This article has been translated into العربية, বাংলা, Deutsch, Español, Suomi, Français, हिन्दी, Magyar, Italiano, Bahasa Melayu and Polski.
April 20, 2021
Written by: James Priest, Brooke Wolford, Nirmal Vadgama, Sophie Limou, M Medina Gomez, Atanu Kumar Dutta, Claudia Schurmann, Fauzan Ahmad, Jamal Nasir, Kumar Veerapen
Note: The COVID-19 Host Genetics Initiative (HGI) represents a consortium of over 2000 scientists from over 54 countries working collaboratively to share data, ideas, recruit patients and disseminate our findings. For a primer on our study design, please read our inaugural blog post. Our research is iterative, and we summarize our new results via blog posts and on the results section of our website. Finally, if any vocabulary here is unfamiliar, please send us an email at hgi-faq@icda.bio—we’d be happy to update the information here to provide more clarity
Infection with SARS-CoV-2 in humans produces a wide range of outcomes, from no symptoms or a mild flu-like illness to severe disease that can cause death. Older people or people affected with other health problems are at the greatest risk of death from SARS-CoV2 infection, but even younger people can be affected with severe disease or may die. The COVID-19 Host Genetics Initiative (HGI) was formed to try and understand how human genetic variation influences which people might be protected from or susceptible to severe disease from SARS-CoV-2 infection.
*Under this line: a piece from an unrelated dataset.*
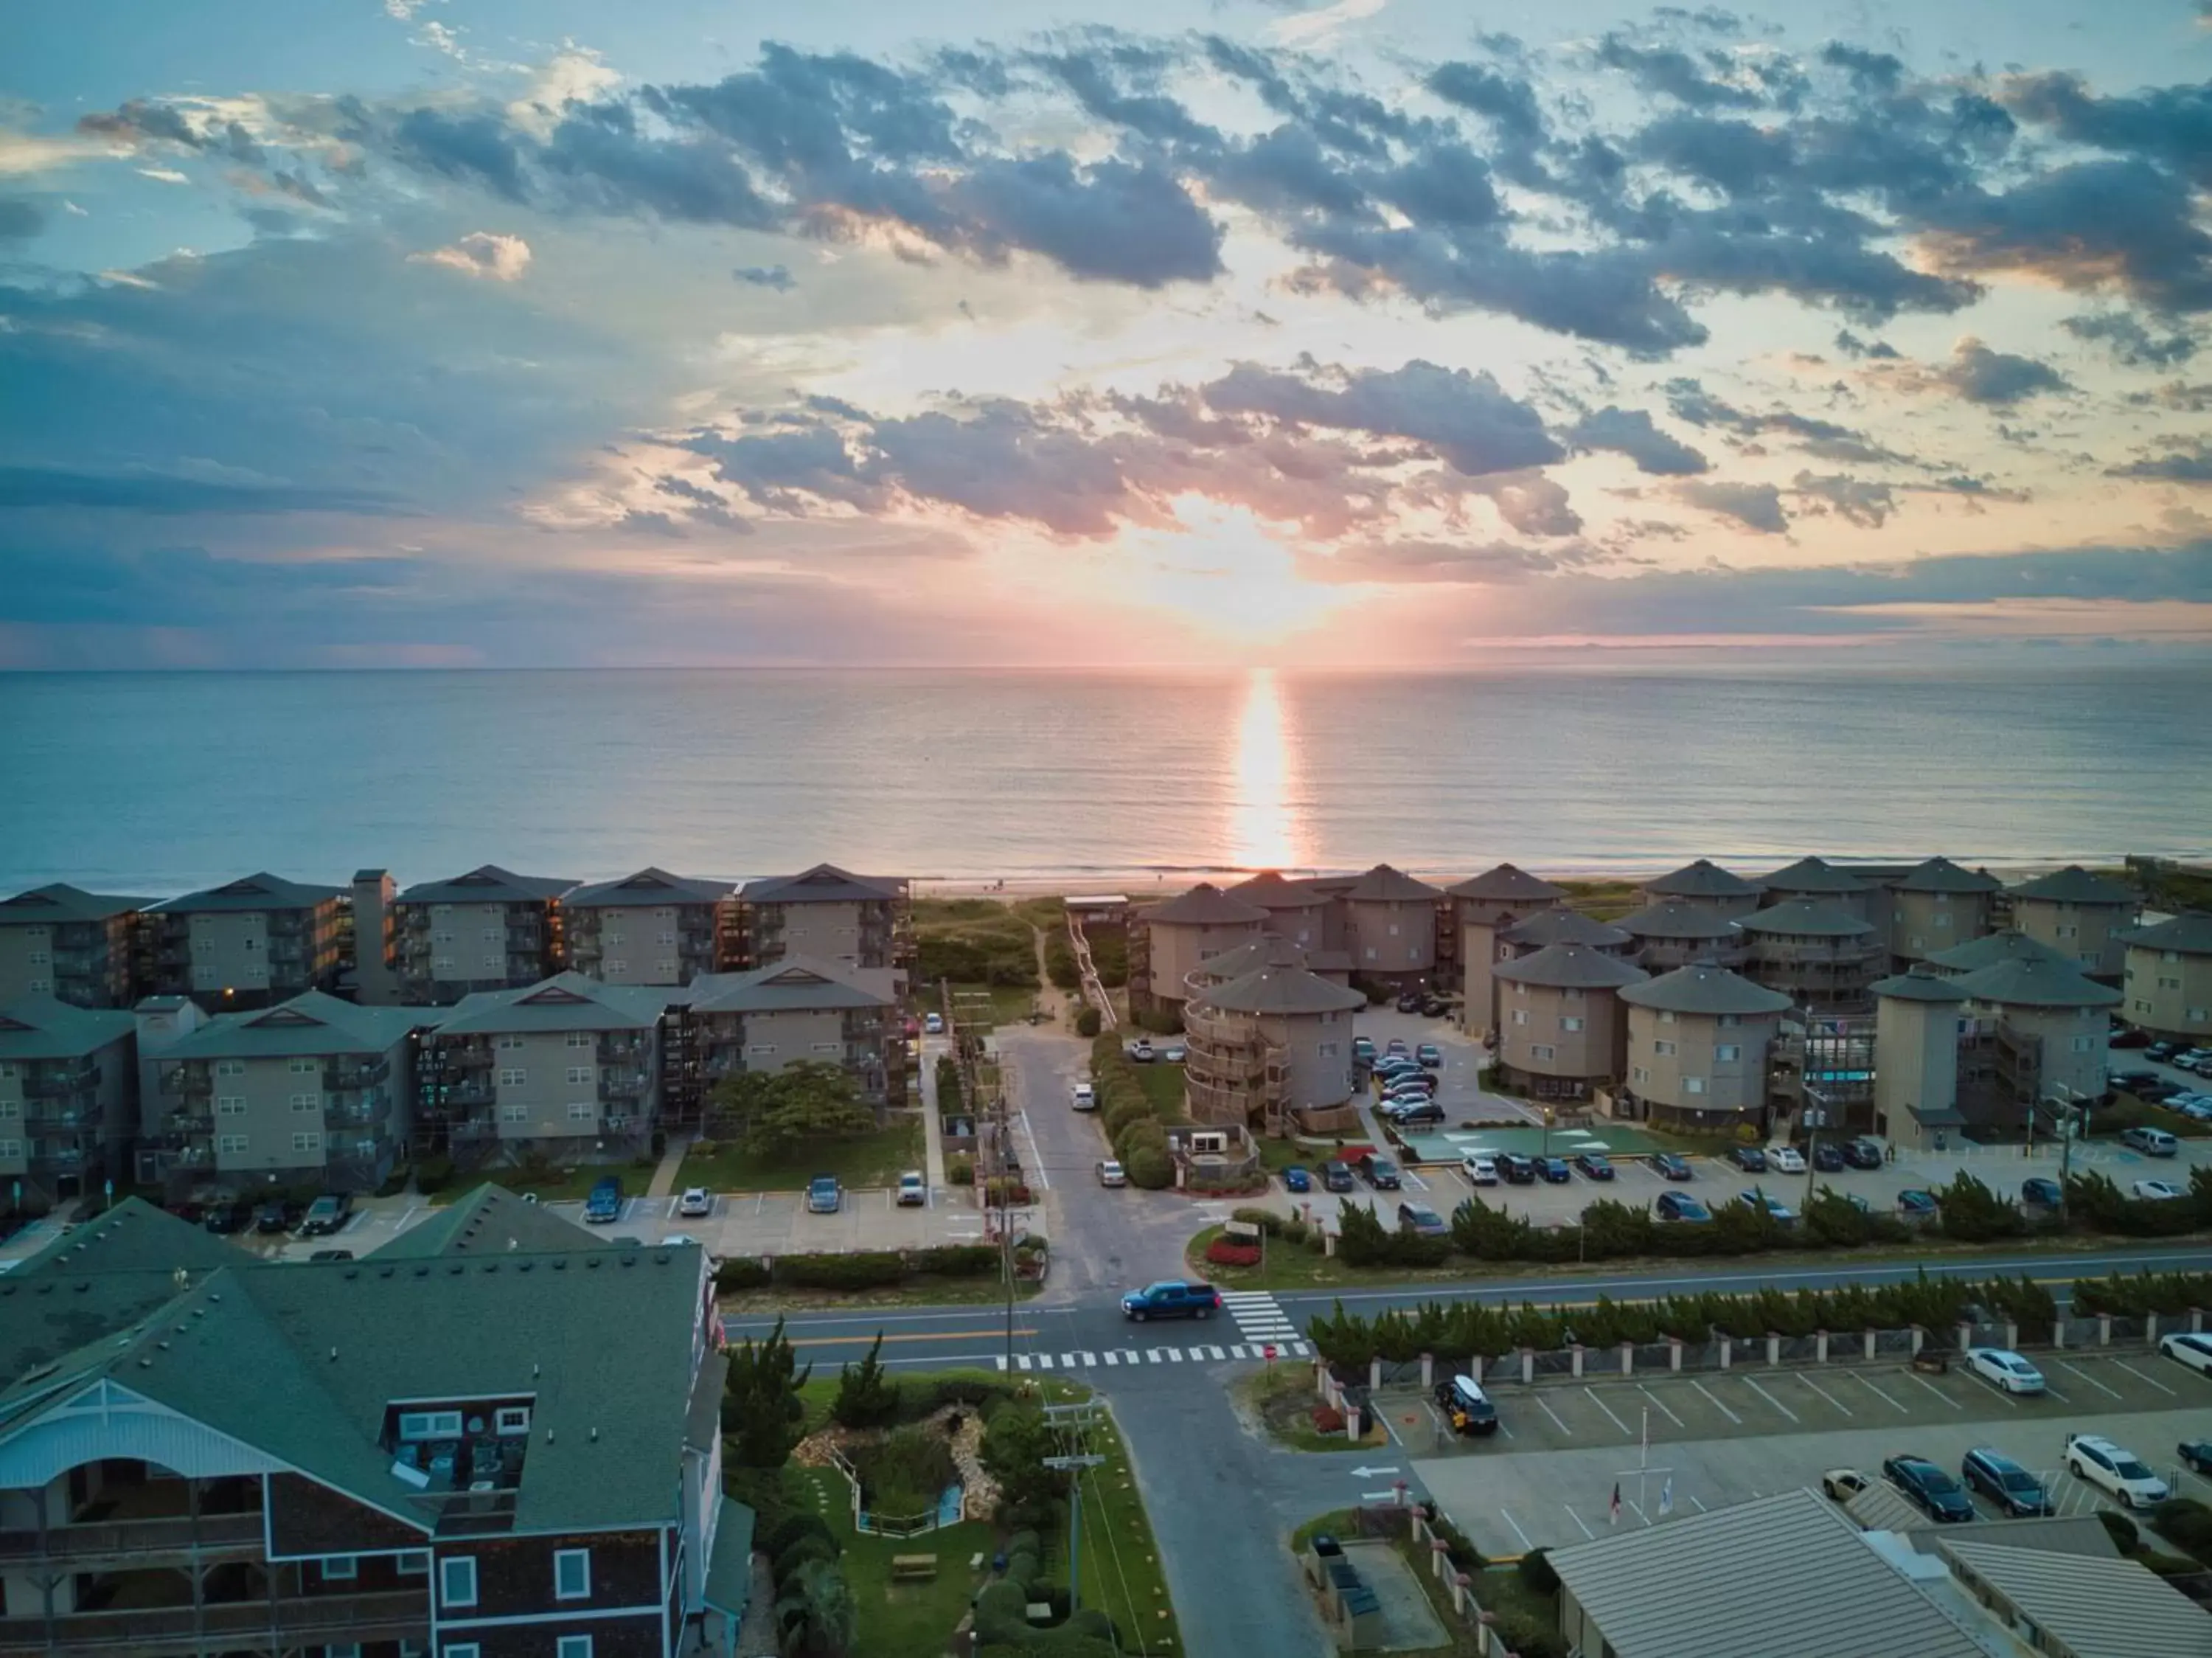 Bird's eye view in Outer Banks Beach Club

Our study focuses on understanding the relationship between genetic variation and disease severity and susceptibility in humans who are infected with SARS-CoV-2 (host genetics). Our study is not looking at the genetic code of the virus itself (viral genetics) which is being studied by other groups of fantastic scientists around the globe. Both efforts are important for informing the development of vaccines, treatments, and tests to detect SARS-CoV-2 infection.
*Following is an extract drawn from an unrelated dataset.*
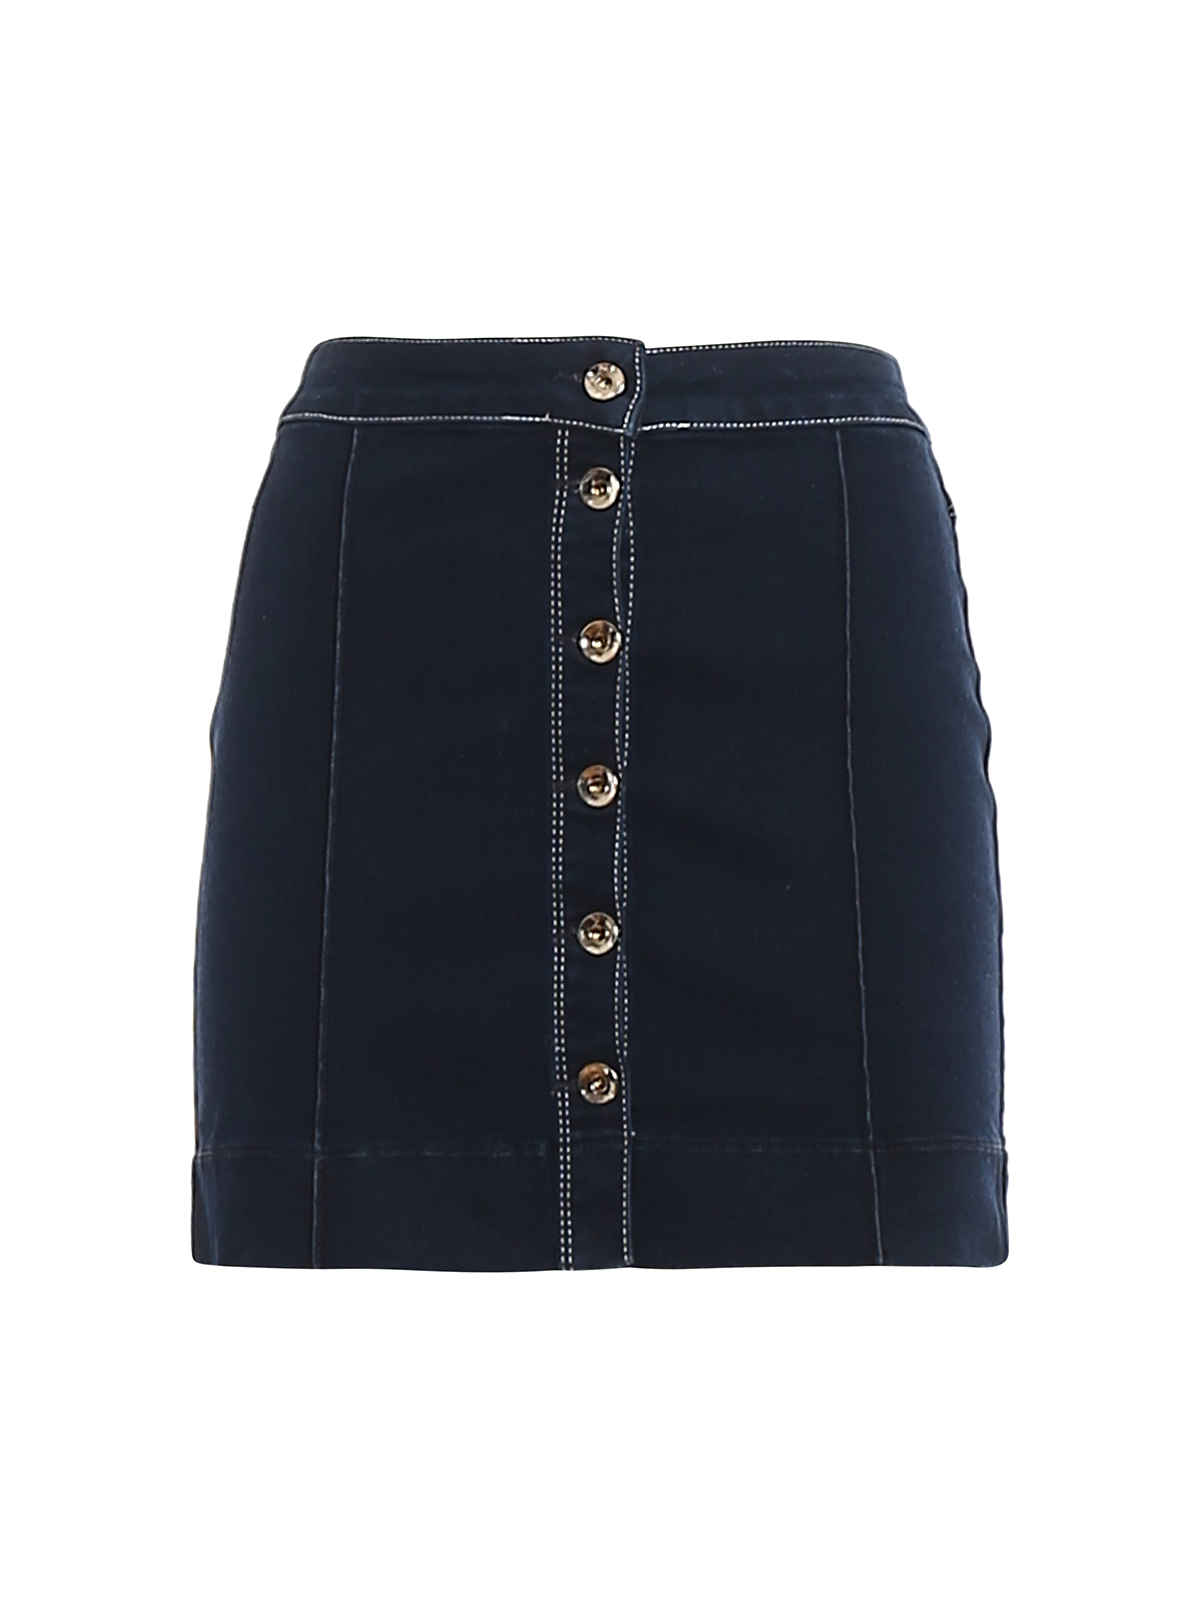 Pepe Jeans Britney skirt blue - ESD Store fashion, footwear and accessories  - best brands shoes and designer shoes

The COVID-19 Host Genetics Initiative (HGI) was developed in March 2020, at the height of the COVID-19 global pandemic, from the leadership of Drs. Andrea Ganna and Mark Daly from the Institute of Molecular Medicine in Finland (FIMM) and the Broad Institute of MIT and Harvard.
Disclaimer: The findings in this study have yet to yield high confidence in predicting causation for severity and susceptibility of COVID-19 infection based on the genetic information of a person. Therefore, results released from the HGI are not for use to diagnose COVID-19 patients by their genotype.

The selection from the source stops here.